By the looks of it, the leadership appears to be overwhelmed by the task at hand and seems incapable of leveraging the many opportunities that have come its way in the recent past to build confidence in the country’s recovery process. In fact, it has acquired a knack of quickly turning opportunities into massive public relations disasters. An episode that beckons focus is the recent interview of the President by Deutsche Welle (DW) Television. While much has been said and written about this epic interview, the bottom line is that a golden opportunity to build confidence in the country and woo both German tourists as well as investment was squandered.
It cannot be unknown to the President that DW is not some random YouTube channel or obscure media outfit. It is in fact Germany’s national broadcaster owned by the Federal Government of Germany and is funded by the German federal tax budget. Therefore, questions put forth by the broadcaster could broadly be assumed as representative of those of the German people. For someone who has “played the media game” much longer than the interviewer by his own admission, it was an opportunity to rally support for Sri Lanka.
For instance, when the interviewer sought the President’s views on the Easter Sunday attacks as portrayed in the Channel 4 documentary, instead of dealing with the core issue, the President sought to question the credentials of the messenger, namely Channel 4. As fate would have it, a few minutes later, the same President stated that multiple foreign investigative agencies including the US FBI had come to the common conclusion that there was no external involvement in the attacks, destroying the ISIS bogey as well as justifying Channel 4’s exposure that the entire operation was a homegrown project.

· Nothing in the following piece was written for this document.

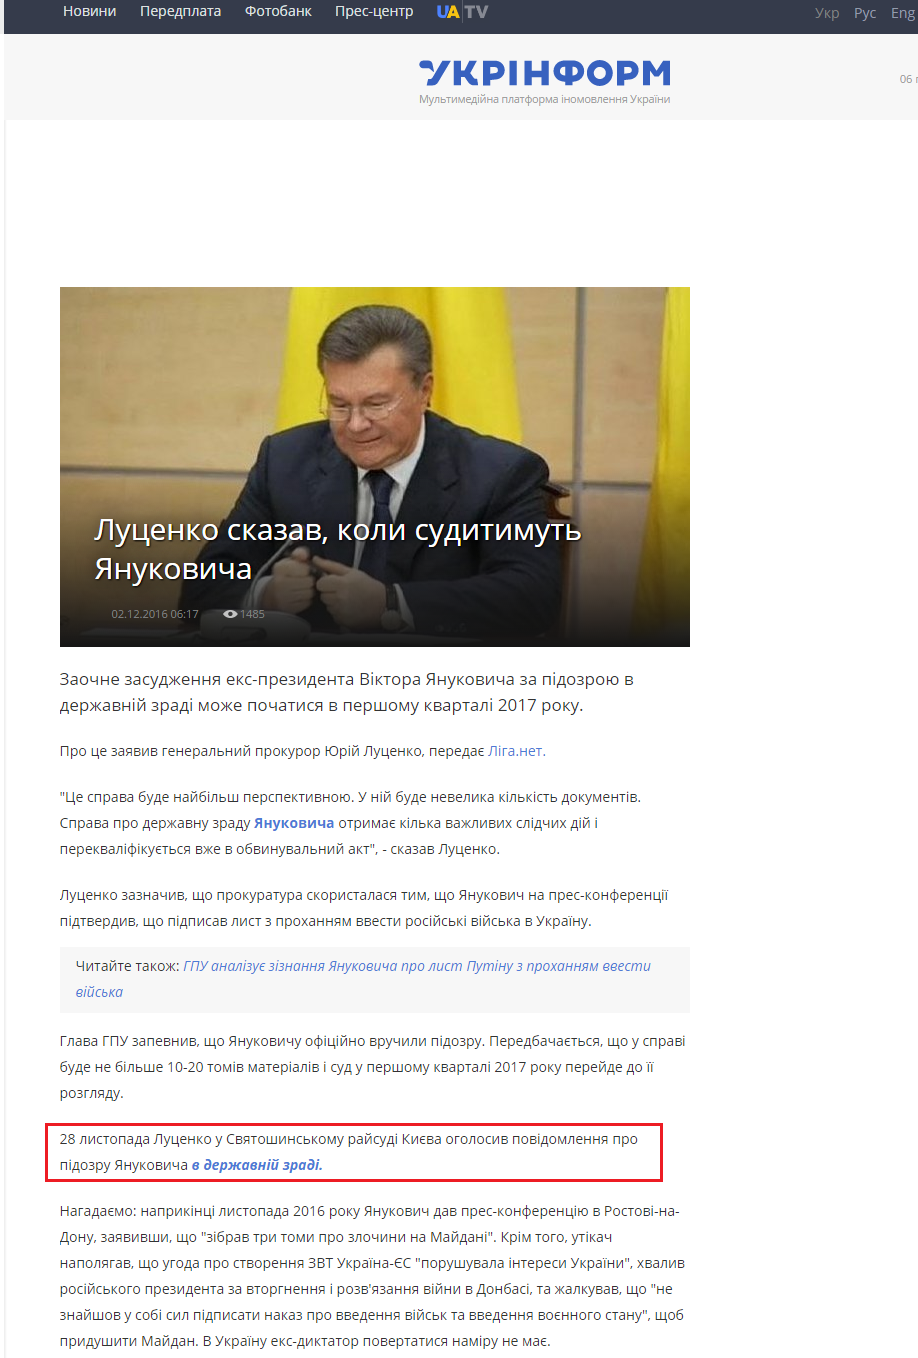 http://www.ukrinform.ua/rubric-politycs/2131824-lucenko-skazav-koli-suditimut-anukovica.html
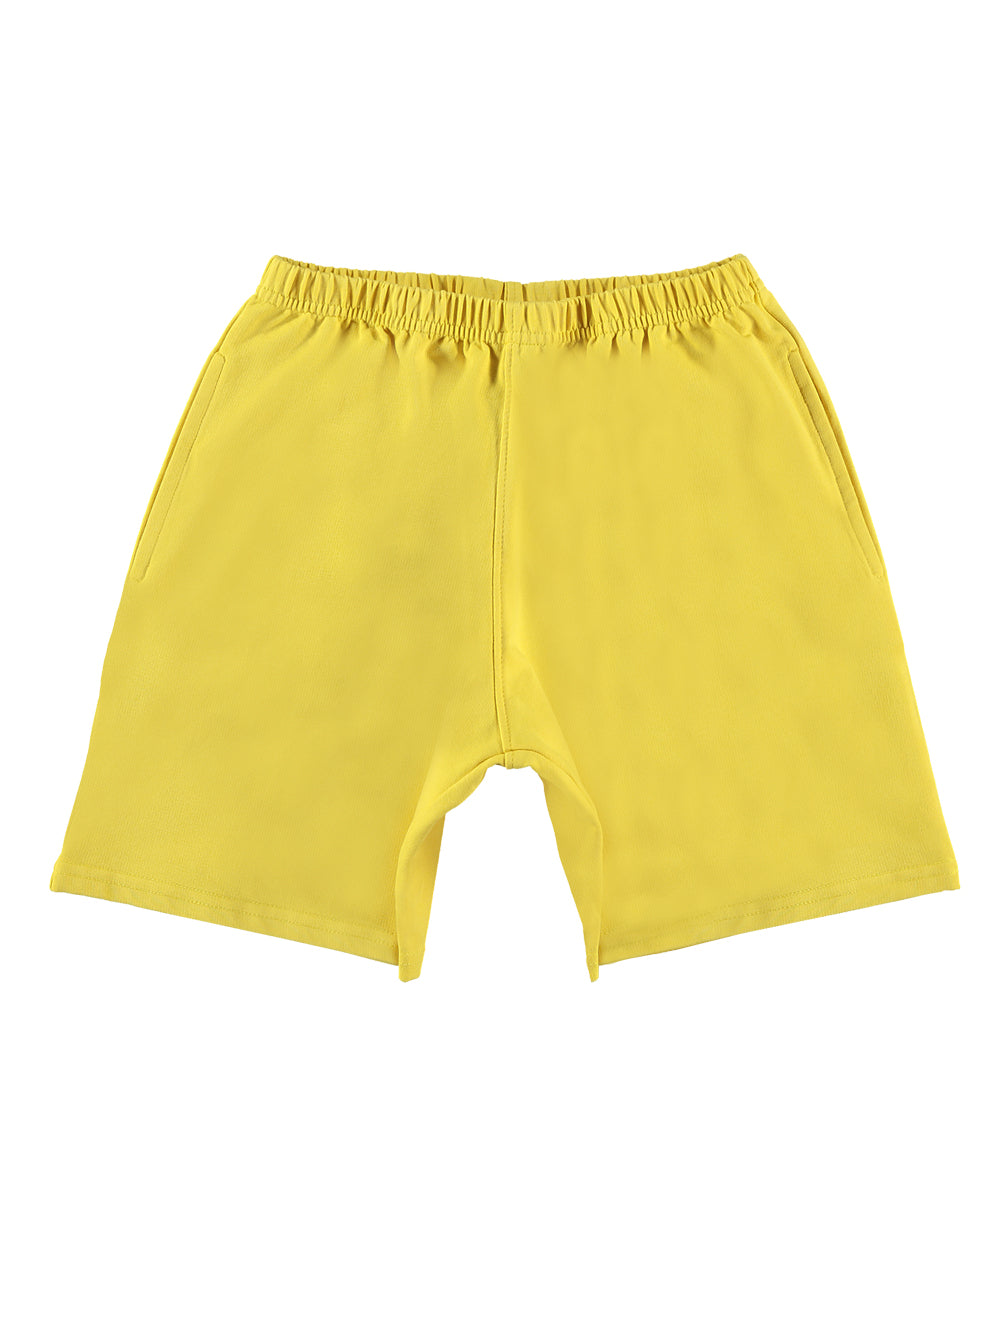 Yellow Surfer Shorts

Instead of ranting against Channel 4, the President could have used the opportunity to assure Germany, one of the 22 founder members of the Paris Club, that he will honour his promise of a comprehensive investigation and ensure justice for the victims that included 43 foreign tourists. In doing so, he could have reassured prospective German tourists as well as investors of Sri Lanka’s commitment to ensuring justice, which at the end of the day would have gone a long way in building much needed confidence in the country.
Further, making matters worse, the President’s puerile attempt to draw a wedge between the Cardinal and the Bishops’ Conference backfired big time when the Church set the record straight that both held the same and identical view on all aspects of the Easter attacks.
By rejecting outright the UN Human Rights Council Report on Sri Lanka and running the risk of facing the attendant consequences and also by rejecting any sort of international collaboration in the Easter attacks investigation despite promising to bring in Scotland Yard to do the needful and despite the fact that all original local Police officers probing the attacks have not only been removed from the investigation but also have been penalised in various ways, and by resorting to introducing repressive laws under the guise of various other purposes, Sri Lanka is being pushed further towards global isolation.